SourceForge Headquarters 225 Broadway Suite 1600 San Diego, CA 92101 +1 (858) 422-6466

Quoting Jonathan Crabtree <cra...@pc...>:

> 
> Arnaud-
> 
> > Here two examples of transposable elements annotations, one is from 
> > Tbrucei, the other one is a common one in procaryote genomes.
> > 
> > The first one in the inclusion of a INGI transposon  within an ORF, the 
> > RHS gene. The transposon includes two RIME flanking repeats and another
> ORF.
> > So in GUS, the INGI transposon could be stored as a transposable element 
> > feature, attached to a RHS gene feature. The transposable element 
> > feature will have three sub features, a gene feature, tagged as a 
> > pseudo-gene and two repeat features, which repeat_type is RIME and with 
> > a given location.
> 
> So in the "current" schema (meaning that I'm assuming we have only a single
> repeat-related view, called RepeatRegionNAFeature, which is the NA
> equivalent
> of RepeatRegionAAFeature), the picture would look like this:
> 
>                            <DoTS::GenomicSequence>
>                            ^      ^      ^       ^
>                            |      |      |       |
>      <DoTS::GeneFeature (RHS)>    |      |       |
>                ^                  |      |       |
>                |                  |      |       |
>     <DoTS::TransposableElement (INGI)>   |       |
>     ^                ^                   |       |
>     |                |                   |       |
>     |  2 x <DoTS::RepeatRegionNAFeature (RIME)>  |
>     |                                            |
>     ------------------------<DoTS::GeneFeature (pseudo)>
> 
> -For each feature the leftmost arrow shows the parent_id, the rightmost
>   arrow shows the na_sequence_id.
> -All of the features will have a location specified in terms of the
>   genomic sequence (because that's what their na_sequence_id references.)
> -I have to create 2 RepeatRegionNAFeatures under my definition, because
>   the RIME repeats are not adjacent to one another.
> -Presumably the transposable element is contained in the coding region
>   of a single exon, so the parent feature could be an ExonFeature instead
>   of a GeneFeature.
> -Note that parent_id is typically used to indicate a part-whole
>   relationship, in the sense that the part *must* have a corresponding
>   whole (e.g.

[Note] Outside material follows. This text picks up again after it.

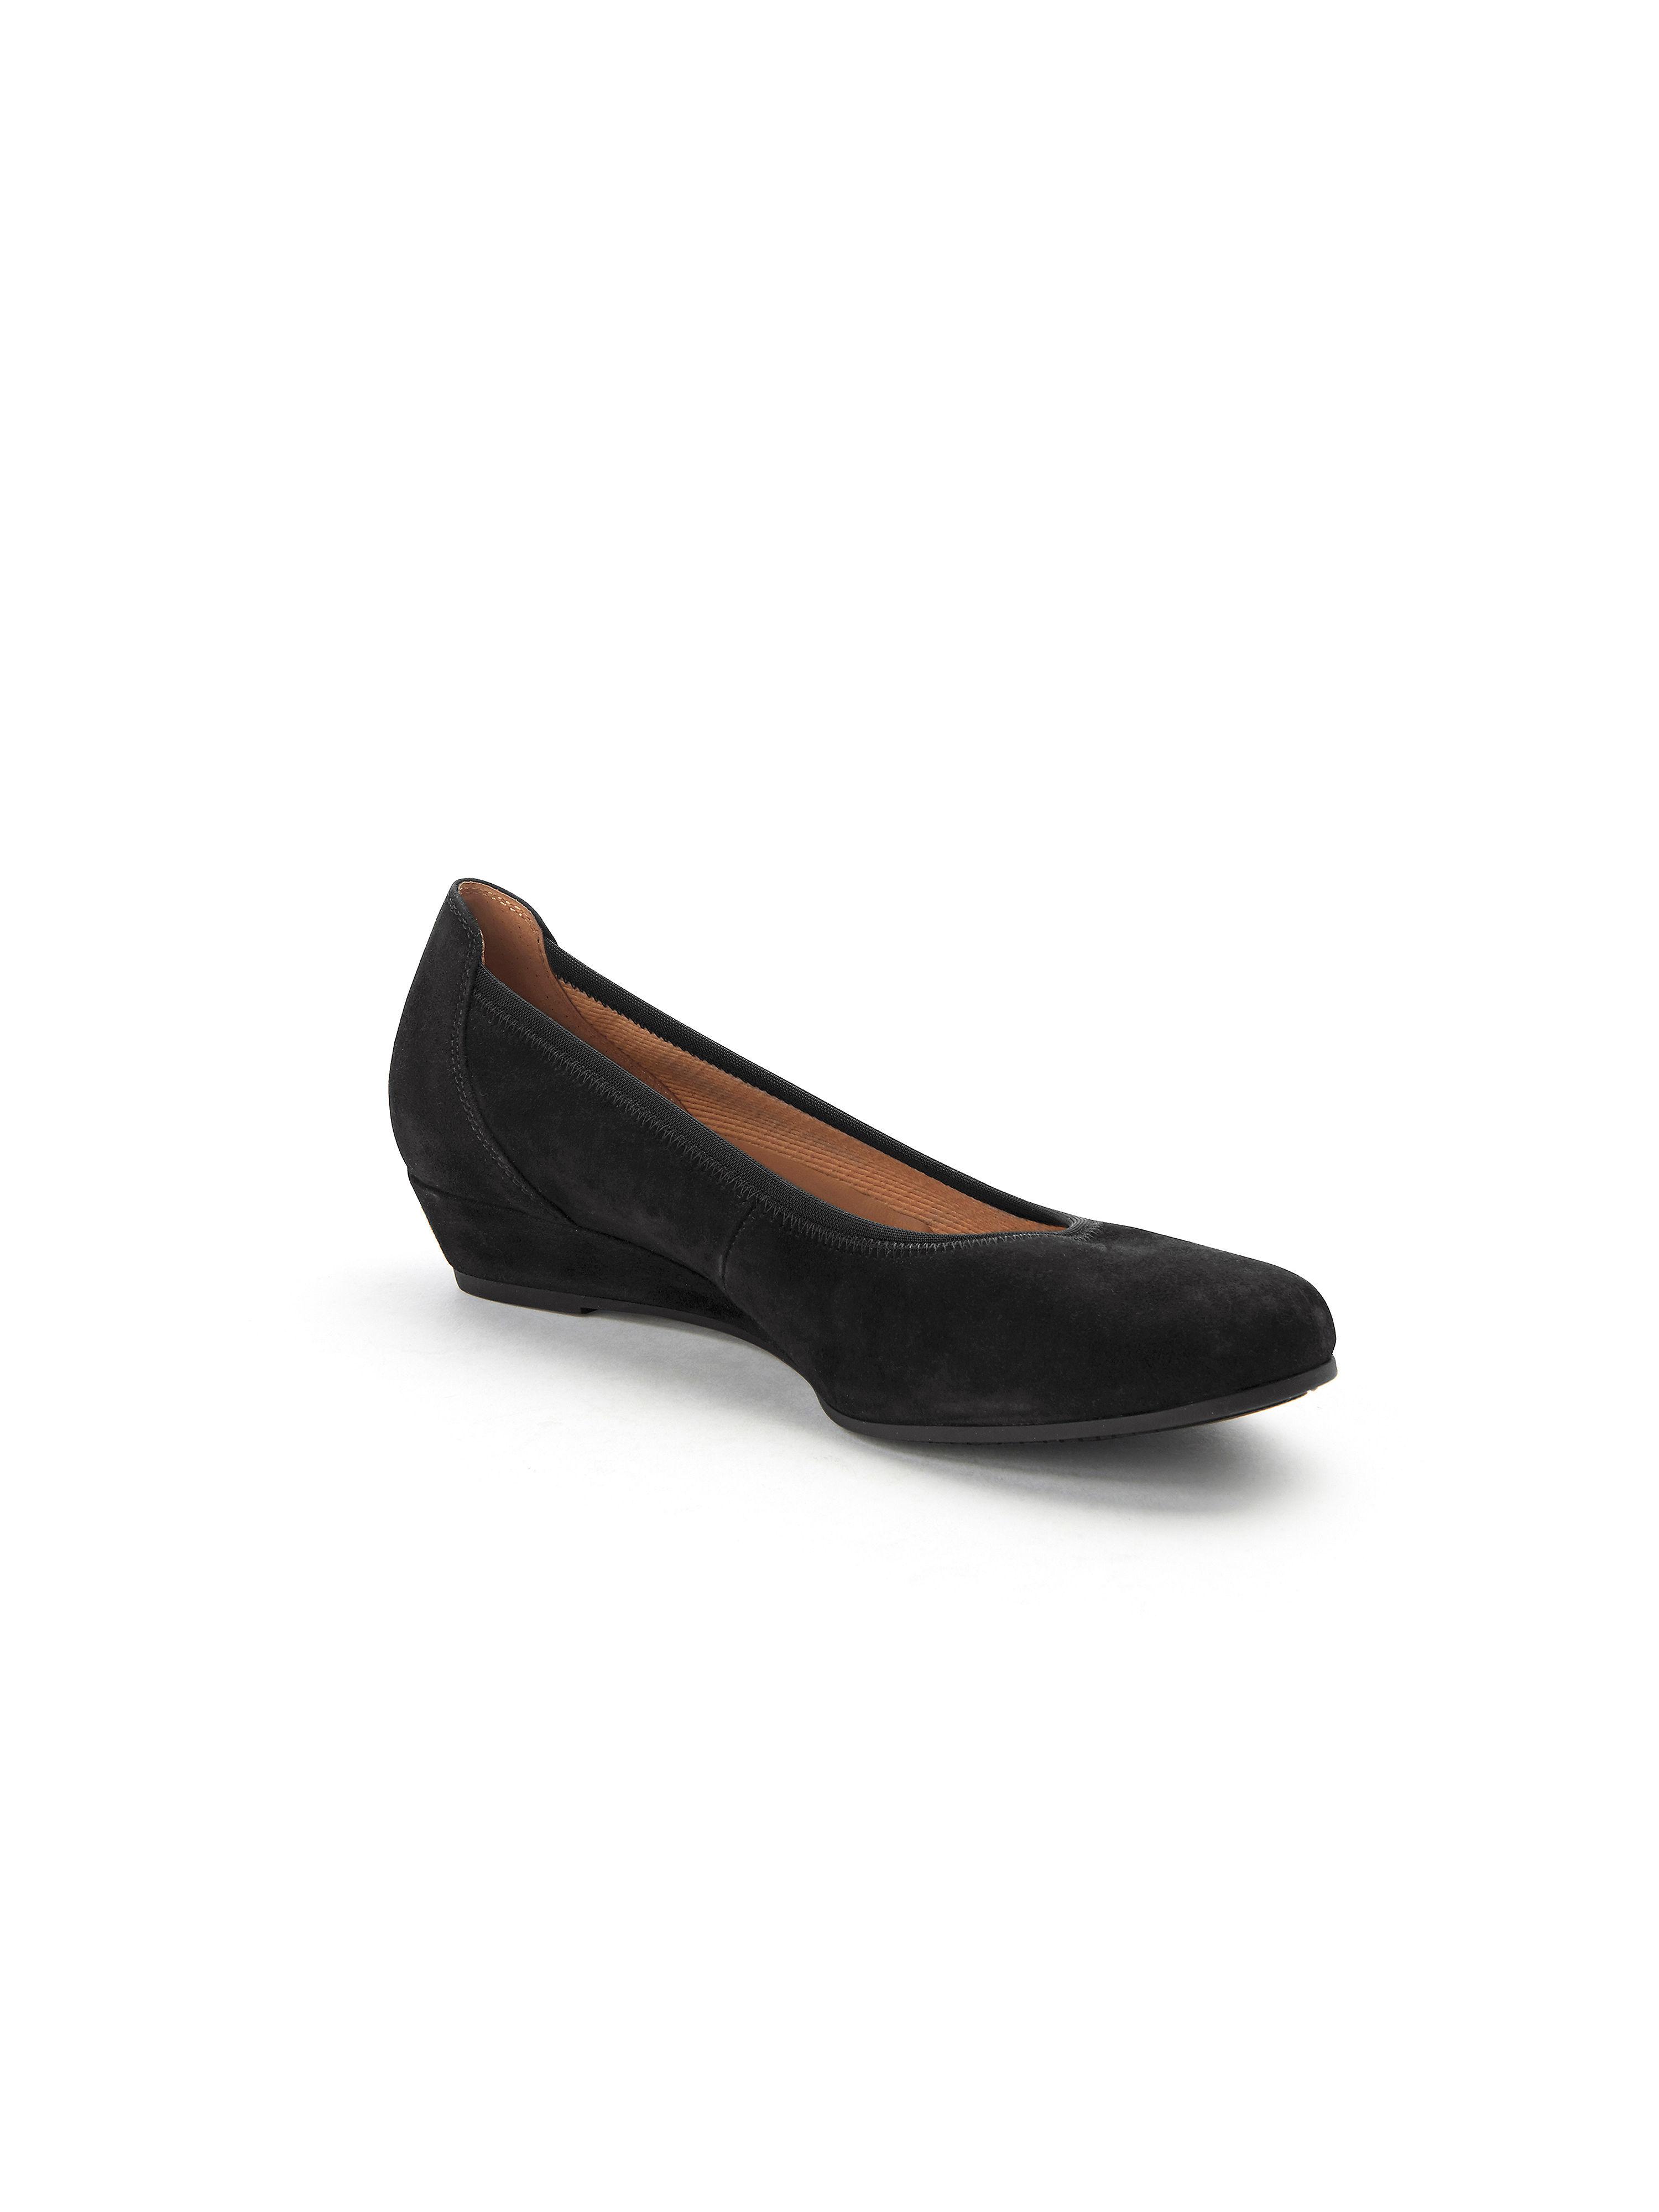 Gabor - Pumps aus 100% Leder - Schwarz Gute Qualität beliebte Schuhe

Exon to Gene).  In the above picture and our discussions
>   on this topic we've generalized its usage to also encompass the
>   concept that one feature "happens to be" part of another i.e.,
>   that its NALocation is strictly within the bounds of its parent's
>   NALocation, but that this need not be the case by definition.
> 
> And I believe your proposal is for something that looks more like this:
> 
>                            <DoTS::GenomicSequence>
>                            ^      ^      ^    ^  ^
>                            |      |      |    |  |
>      <DoTS::GeneFeature (RHS)>    |      |    |  |
>                ^                  |      |    |  |
>                |                  |      |    |  |
>     <DoTS::TransposableElement (INGI)>   |    |  |
>     ^                ^                   |    |  |
>     |                |                   |    |  |
>     |           <DoTS::RepeatRegionNAFeature> |  |
>     |                   ^                     |  |
>     |                   |                     |  |
>     |          2 x <DoTS::RepeatFeature (RIME)>  |
>     |                                            |
>     |                                            |
>     ------------------------<DoTS::GeneFeature (pseudo)>
> 

My proposal is this representation without the repeat region feature. I would
see the repeat region feature to cluster together a sequence, whatever the
sequence is (even one base, or more), repeated X times, but not being used in
this situation.

> In other words, the RepeatRegionNAFeature serves only to group the two RIME
> repeats (which aren't even immediately adjacent to one another.)  Is this
> what you had in mind? 

I don't think we need to group them with a repeat region feature, as the
transposable element would do it.

 Or did you mean to make the RepeatRegionNAFeature a
> child of the GeneFeature and then make the TransposableElement a child of
> the RepeatRegionNAFeature?  I'm just not clear on your definition of
> "repeat
> region".  Specifically, can a repeat region contain things that are not
> repeats,

Yes ! a gene for example !! A repeat region would be used to cluster tandemly
repeated genes. But this should be fine as long as a gene feature can be
attached to a repeat region.

 and can it contain more than one type of repeat?  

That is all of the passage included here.